GOAL OF THE EXERCISE.
Using the listing below, give again exactly the lines from the line with "Trio leather crossbody" to the line with "Customer journey management engine", inclusive, without the pictures.

EXCERPTED DATA.

* * *

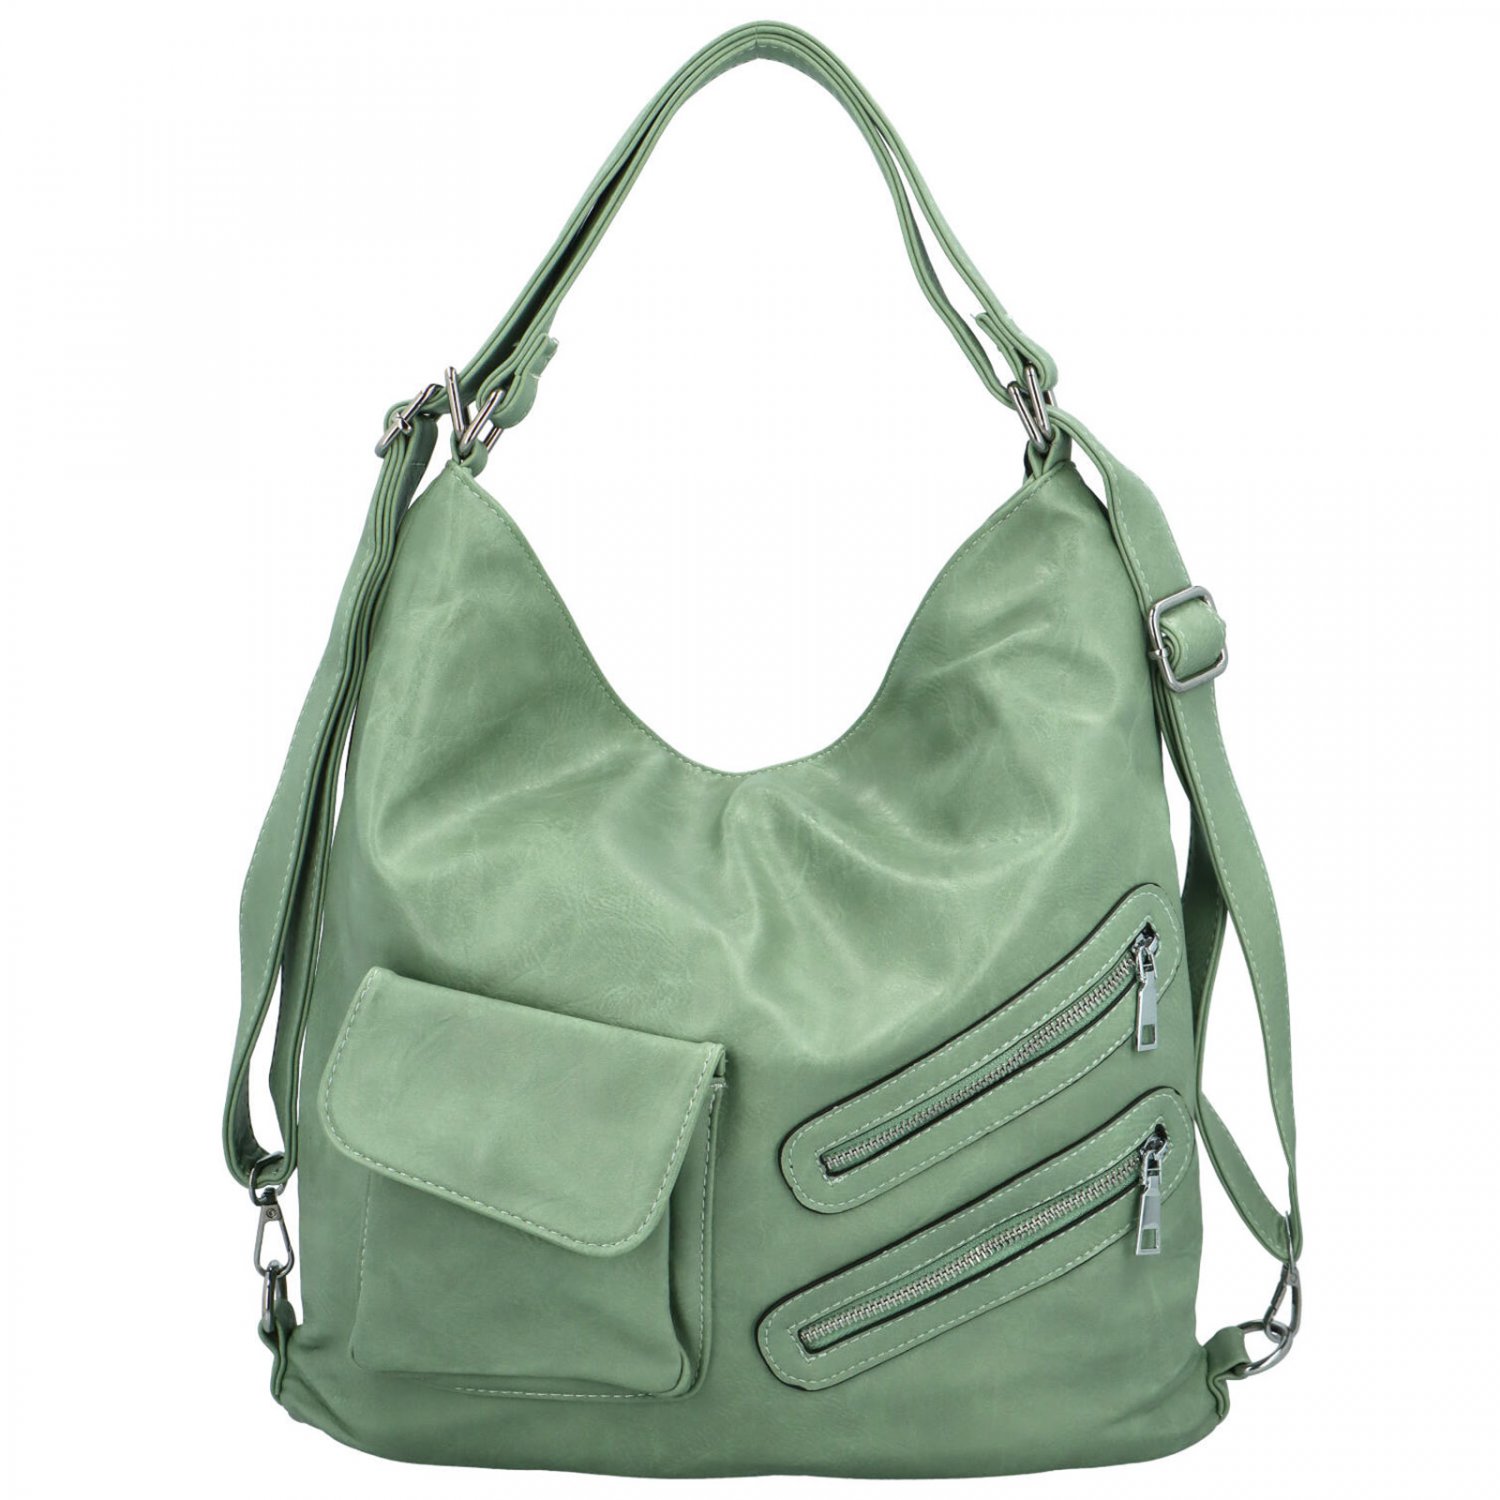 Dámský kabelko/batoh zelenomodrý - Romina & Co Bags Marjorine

* * *

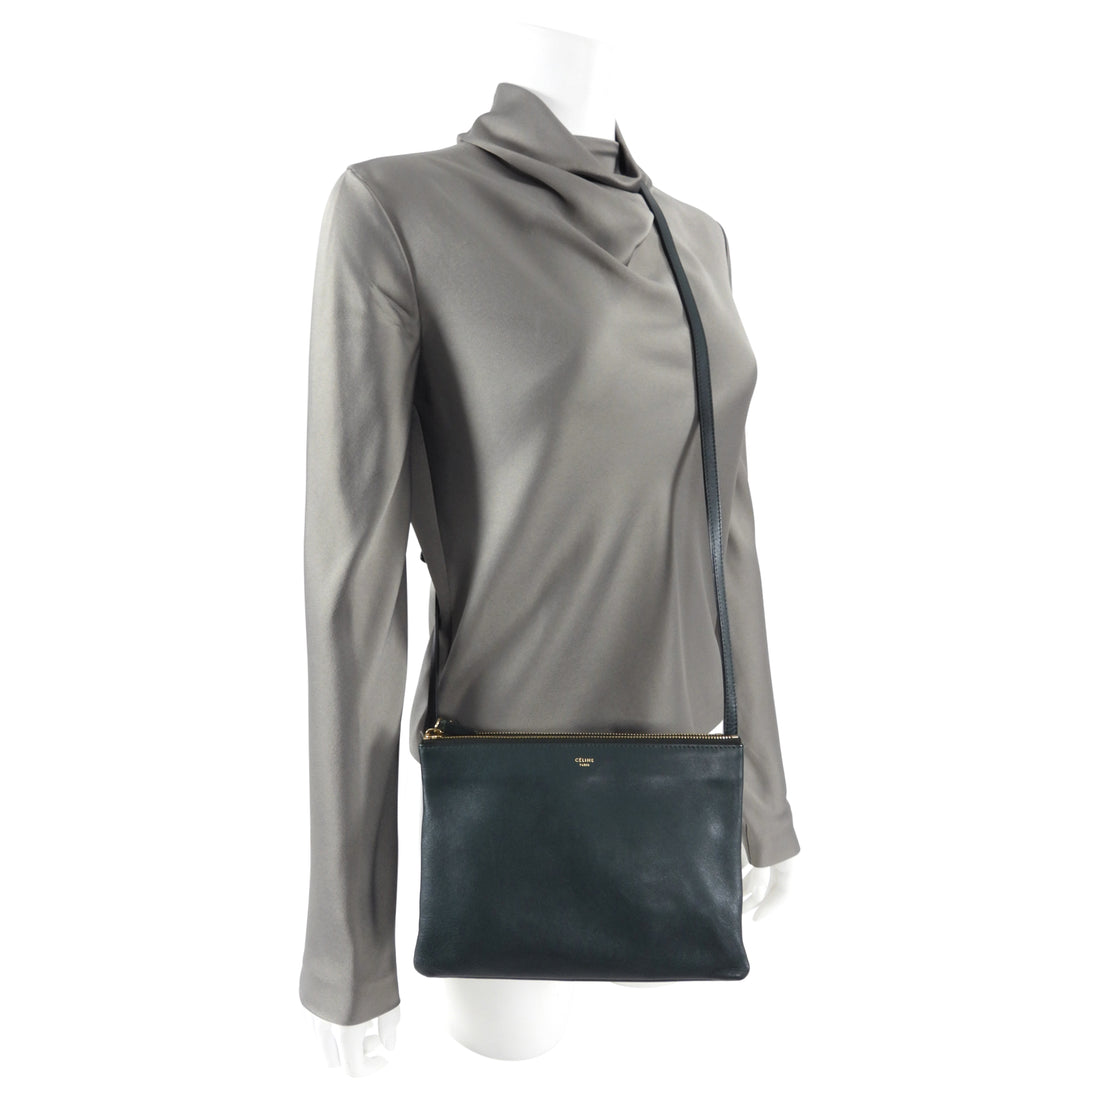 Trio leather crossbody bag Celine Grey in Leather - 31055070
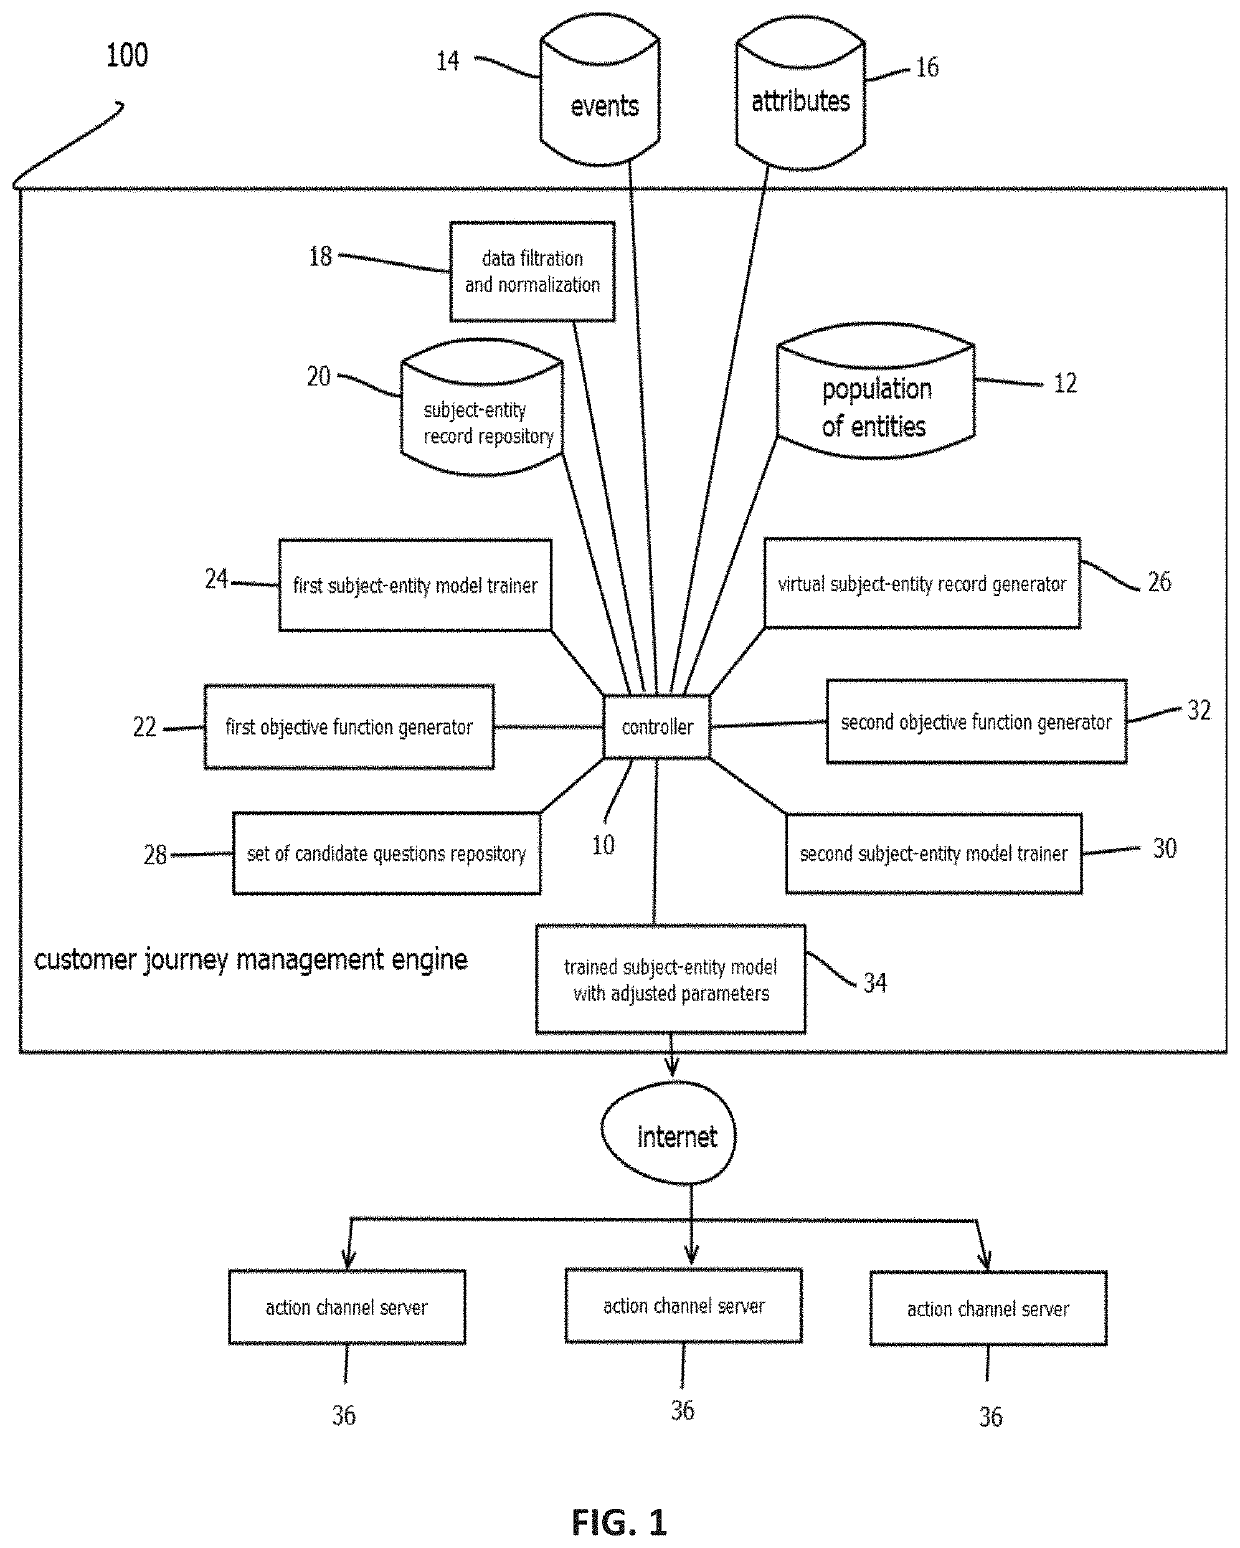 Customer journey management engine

* * *

TASK RESULT.
 Trio leather crossbody bag Celine Grey in Leather - 31055070
 Customer journey management engine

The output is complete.